> [Data below]
Start of Block
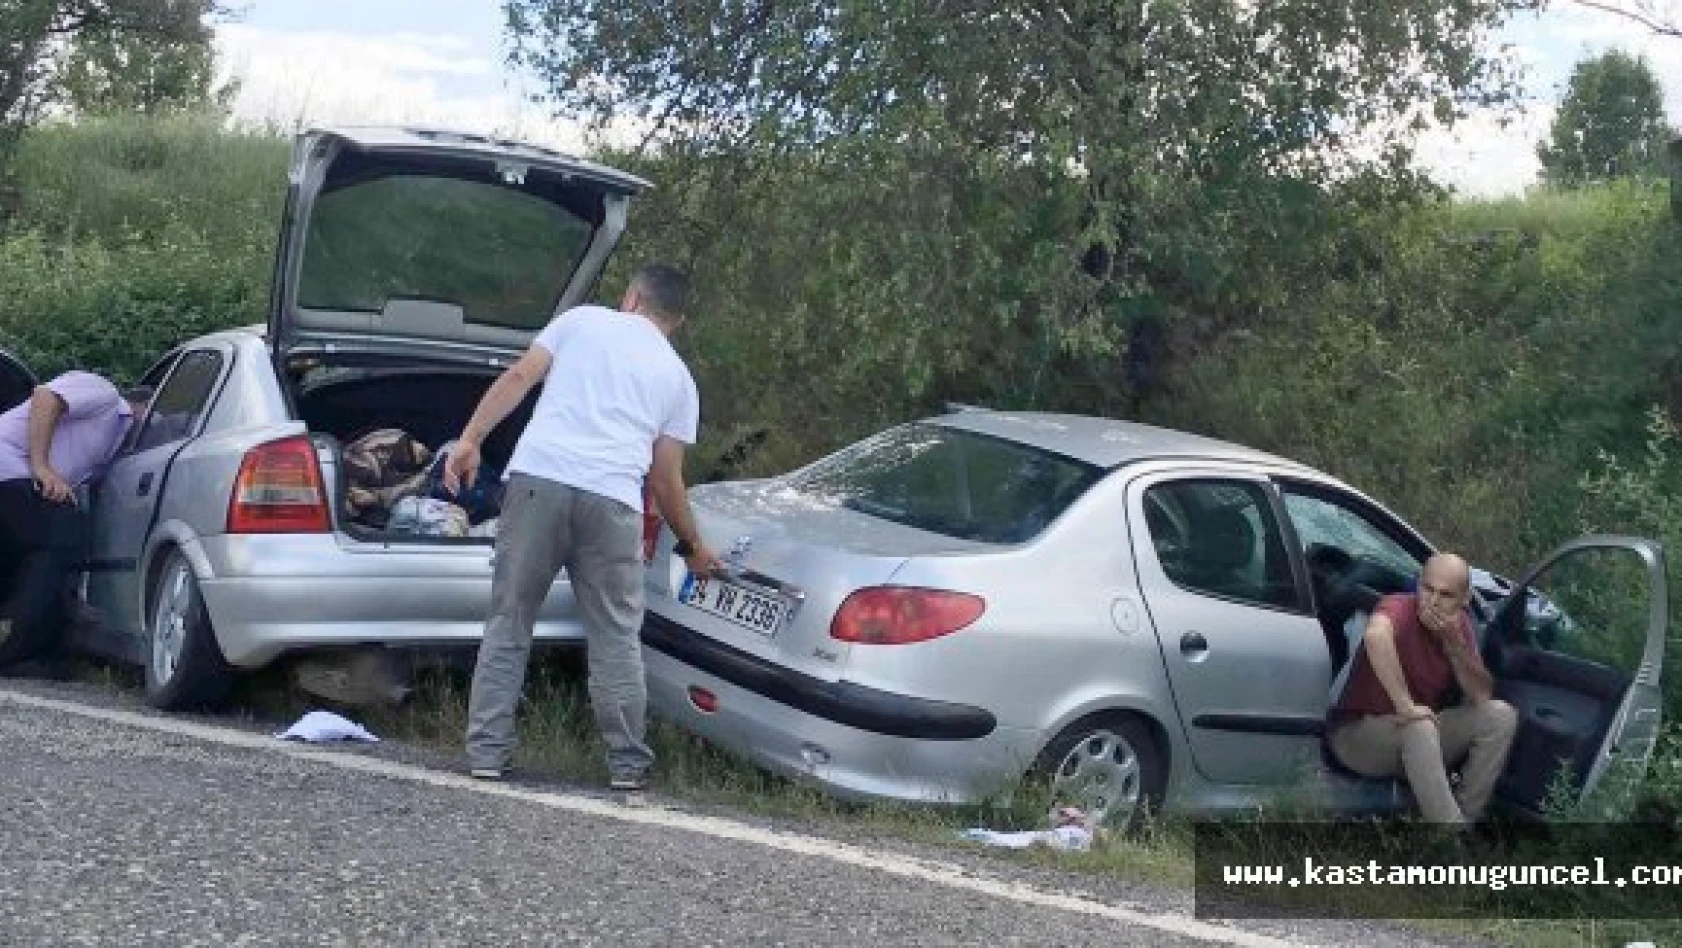 Kastamonu'da otomobiller çarpıştı: 1 ölü, 2 yaralı
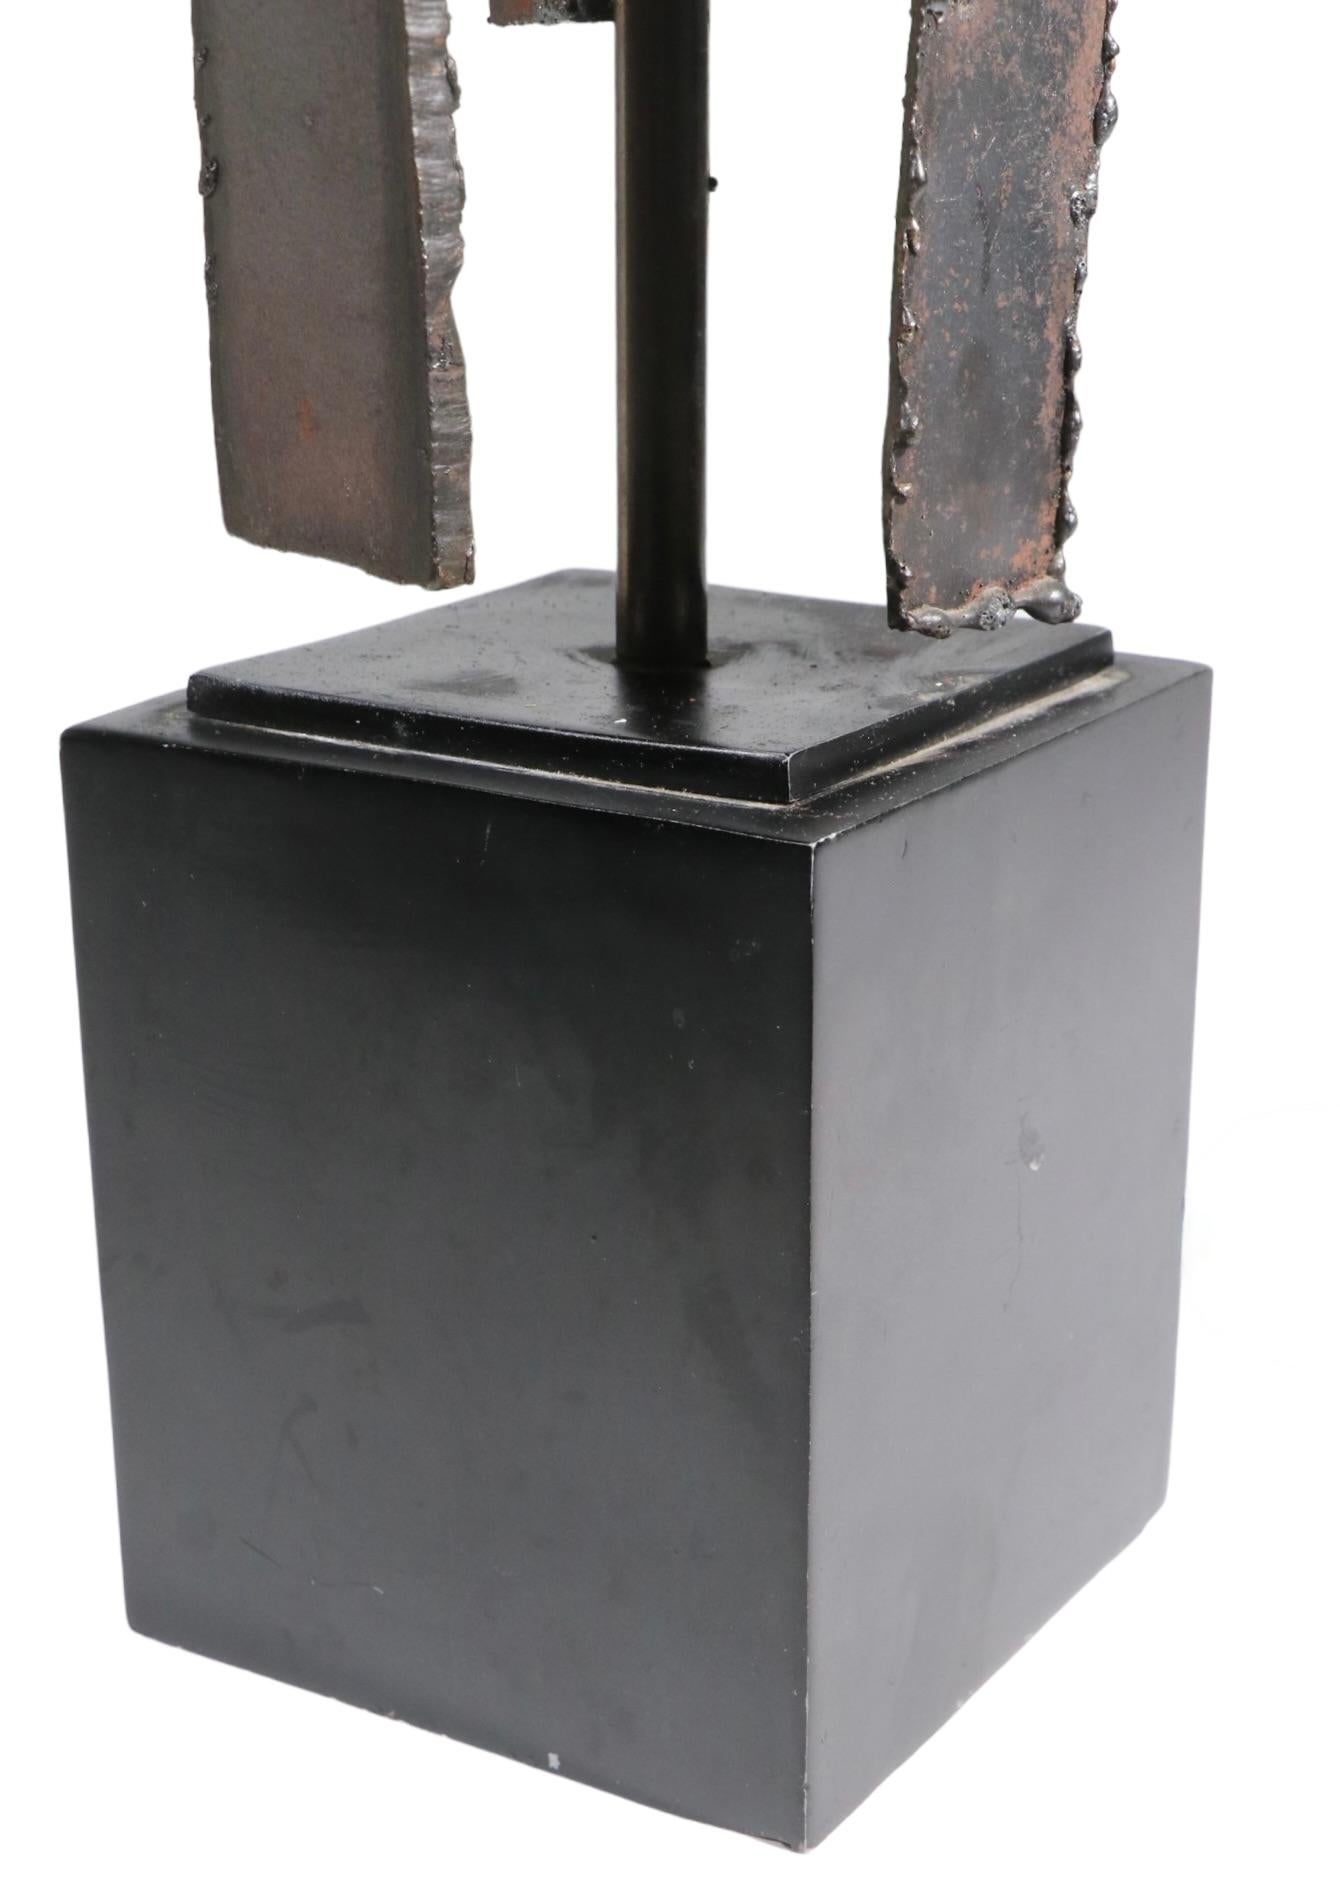 Lampe de table brutaliste iconique, par Harry Blamer, pour la Laurel Lamp Company vers les années 1970. La lampe présente un corps découpé au chalumeau à partir de segments de fer soudés, monté sur une base rectangulaire en forme de socle. Cet
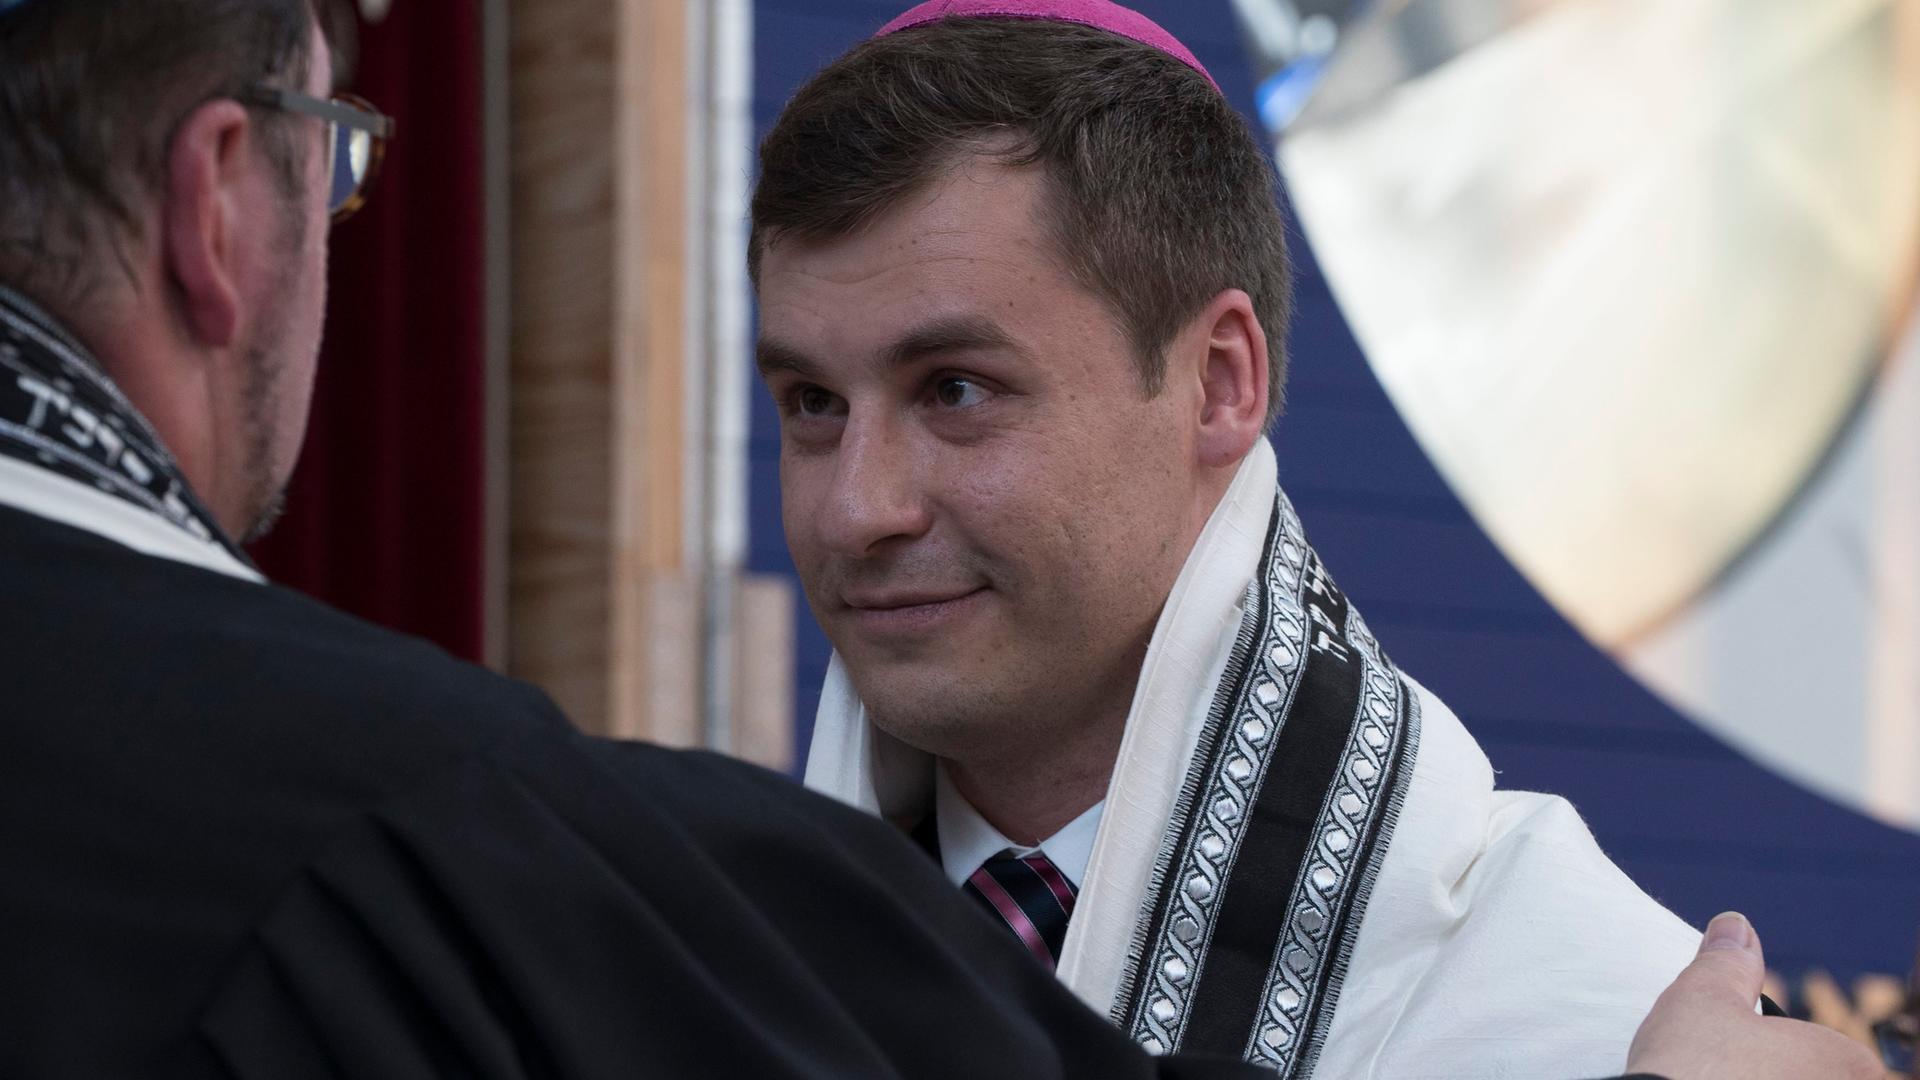 Rabbiner Alexander Grodensky, Absolvent des Abraham Geiger Kollegs an der Universität Potsdam, nimmt seine Ordinationsurkunde in der Synagoge Beit Tikwa in Bielefeld entgegen (Aufnahme vom 31.8.2015).
End of Block
> [Try it] The required output is each line above restated verbatim, with all images omitted.

> [Exercise response]
 Kastamonu'da otomobiller çarpıştı: 1 ölü, 2 yaralı
 Lampe de table brutaliste iconique, par Harry Blamer, pour la Laurel Lamp Company vers les années 1970. La lampe présente un corps découpé au chalumeau à partir de segments de fer soudés, monté sur une base rectangulaire en forme de socle. Cet
 Rabbiner Alexander Grodensky, Absolvent des Abraham Geiger Kollegs an der Universität Potsdam, nimmt seine Ordinationsurkunde in der Synagoge Beit Tikwa in Bielefeld entgegen (Aufnahme vom 31.8.2015).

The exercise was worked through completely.